An edge may be either undirected or directed. In a directed edge, one vertex leads to the other, while in an undirected edge, there is no sense of ordering.
In R, the tidygraph
package can be used to manipulate graph data. It’s tbl_graph
class stores node and edge attributes in a single data structure. and ggraph
extends the usual ggplot2 syntax to graphs.
E <- data.frame(
source = c(1, 2, 3, 4, 5),
target = c(3, 3, 4, 5, 6)
)
G <- tbl_graph(edges = E)
G
# A tbl_graph: 6 nodes and 5 edges
#
# A rooted tree
#
# Node Data: 6 x 0 (active)
#
# Edge Data: 5 x 2
from to
<int> <int>
1 1 3
2 2 3
3 3 4
# … with 2 more rows
This tbl_graph
can be plotted using the code below. There are different geoms available for nodes and edges – for example, what happens if you replace geom_edge_link()
with geom_edge_arc()
?
ggraph(G, layout = 'kk') +
geom_edge_link() +
geom_node_point()
activate(edges)
.G <- G %>%
mutate(
id = row_number(),
group = id < 4
) %>%
activate(edges) %>%
mutate(width = runif(n()))
G
# A tbl_graph: 6 nodes and 5 edges
#
# A rooted tree
#
# Edge Data: 5 x 3 (active)
from to width
<int> <int> <dbl>
1 1 3 0.609
2 2 3 0.218
3 3 4 0.667
4 4 5 0.449
5 5 6 0.379
#
# Node Data: 6 x 2
id group
<int> <lgl>
1 1 TRUE
2 2 TRUE
3 3 TRUE
# … with 3 more rows
Now we can visualize these derived attributes using an aesthetic mapping within the geom_edge_link
and geom_node_point
geoms.
ggraph(G, layout = "kk") +
geom_edge_link(aes(width = width)) +
geom_node_label(aes(label = id))
What types of data that are amenable to representation by networks or trees? What visual comparisons do networks and trees facilitate?

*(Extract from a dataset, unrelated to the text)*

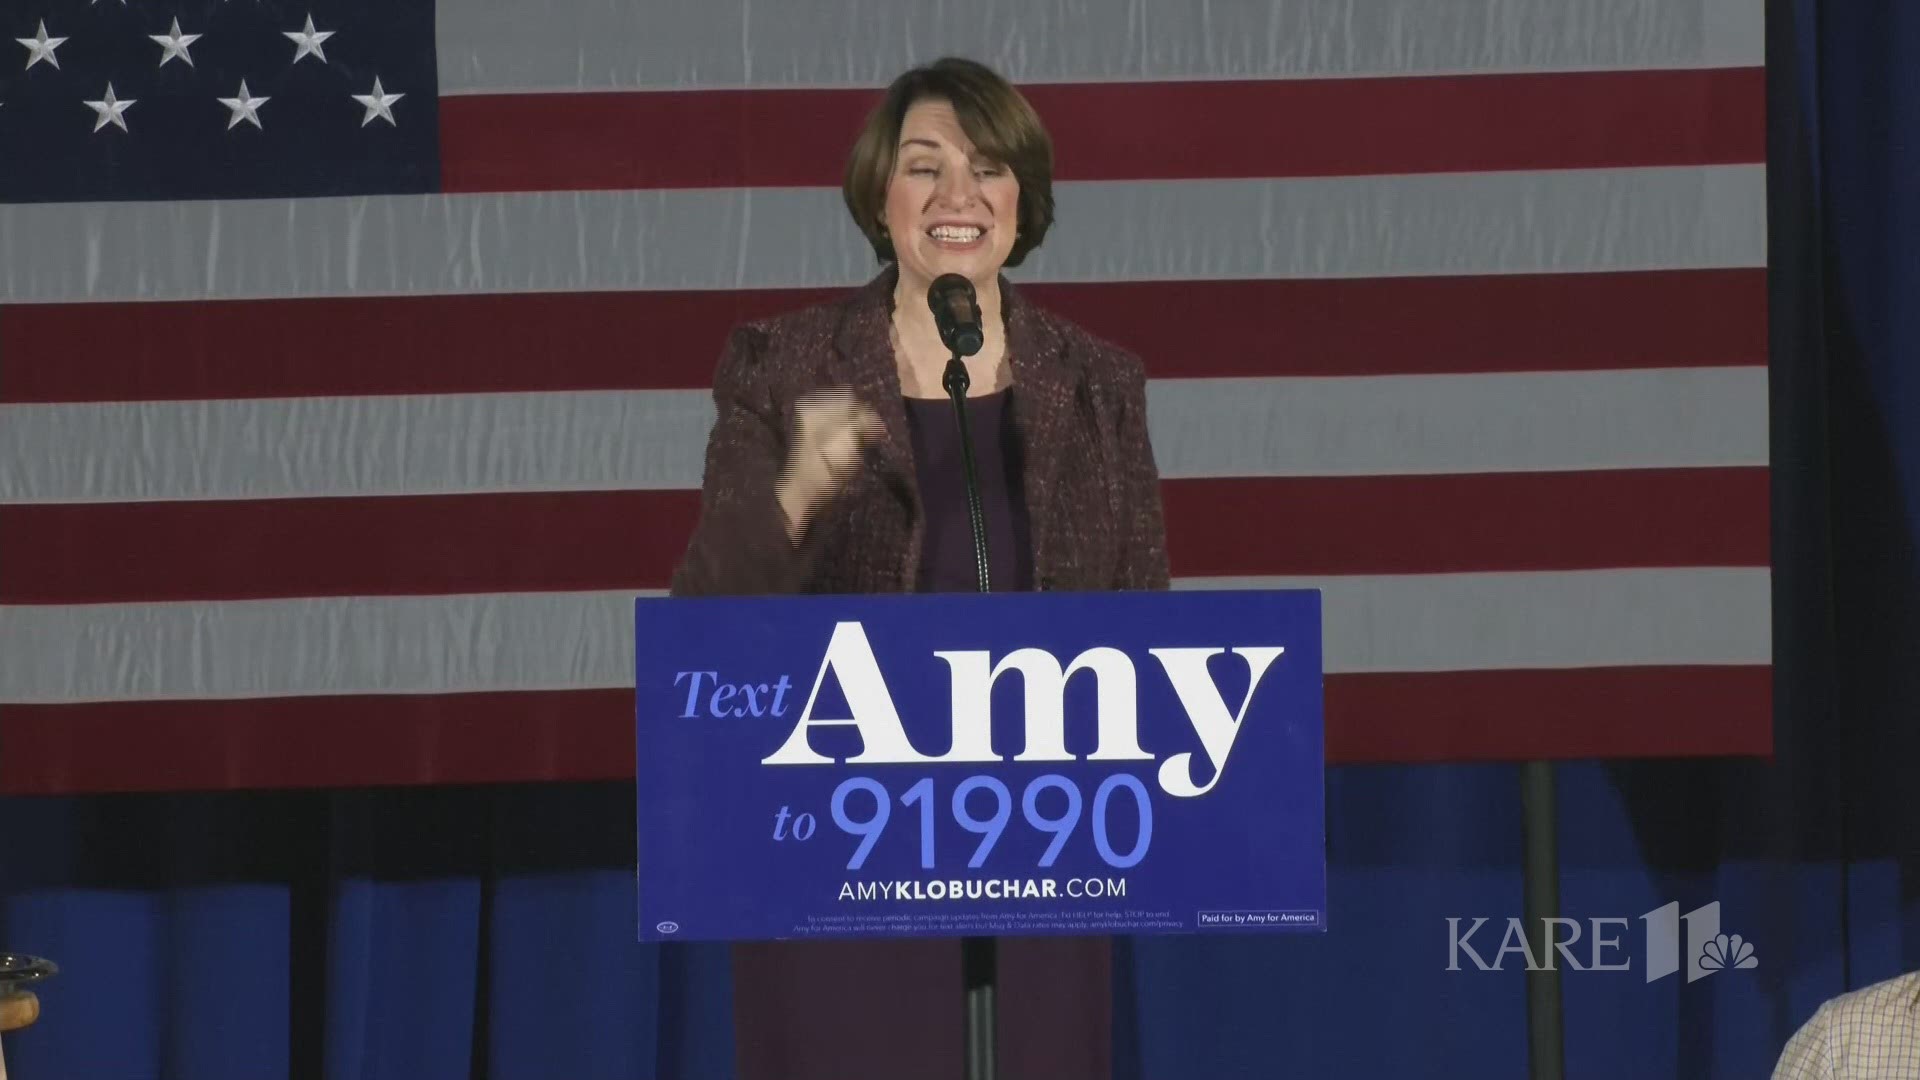 Sen. Amy Klobuchar (D-MN) speaks to supporters in Des Moines, Iowa on Dec. 27, 2019, after completing her tour of all 99 Iowa counties.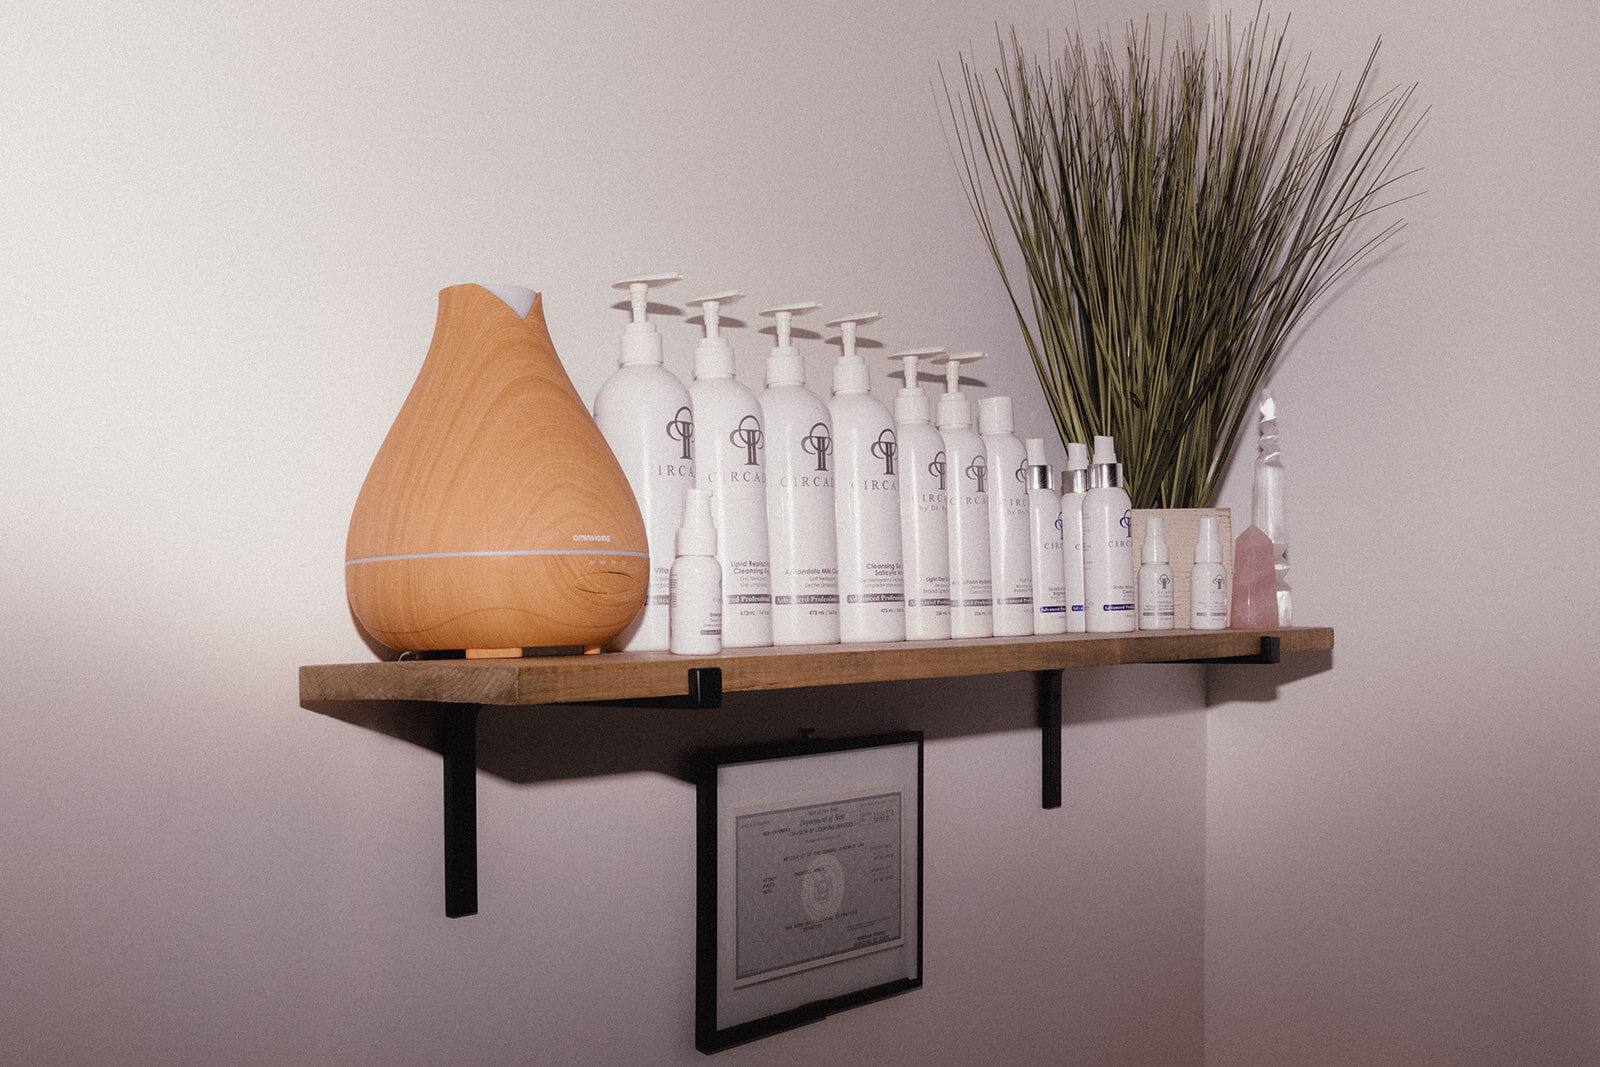 Circadia products on shelf with oil diffuser

Our initial examples suggest that trees and networks can be used to represent either physical interactions or conceptual relationships. Typical tasks include,
By “searching for groupings,” we mean finding clusters of nodes that are highly interconnected, but which have few links outside the cluster. This kind of modular structure might lend itself to deeper investigation within each of the clusters.
By “following paths,” we mean tracing the paths out from a particular node, to see which other nodes it is close to.
“Isolating key nodes” is a more fuzzy concept, usually referring to the task of finding nodes that are exceptional in some way. For example, it’s often interesting to find nodes with many more connections than others, or which link otherwise isolated clusters.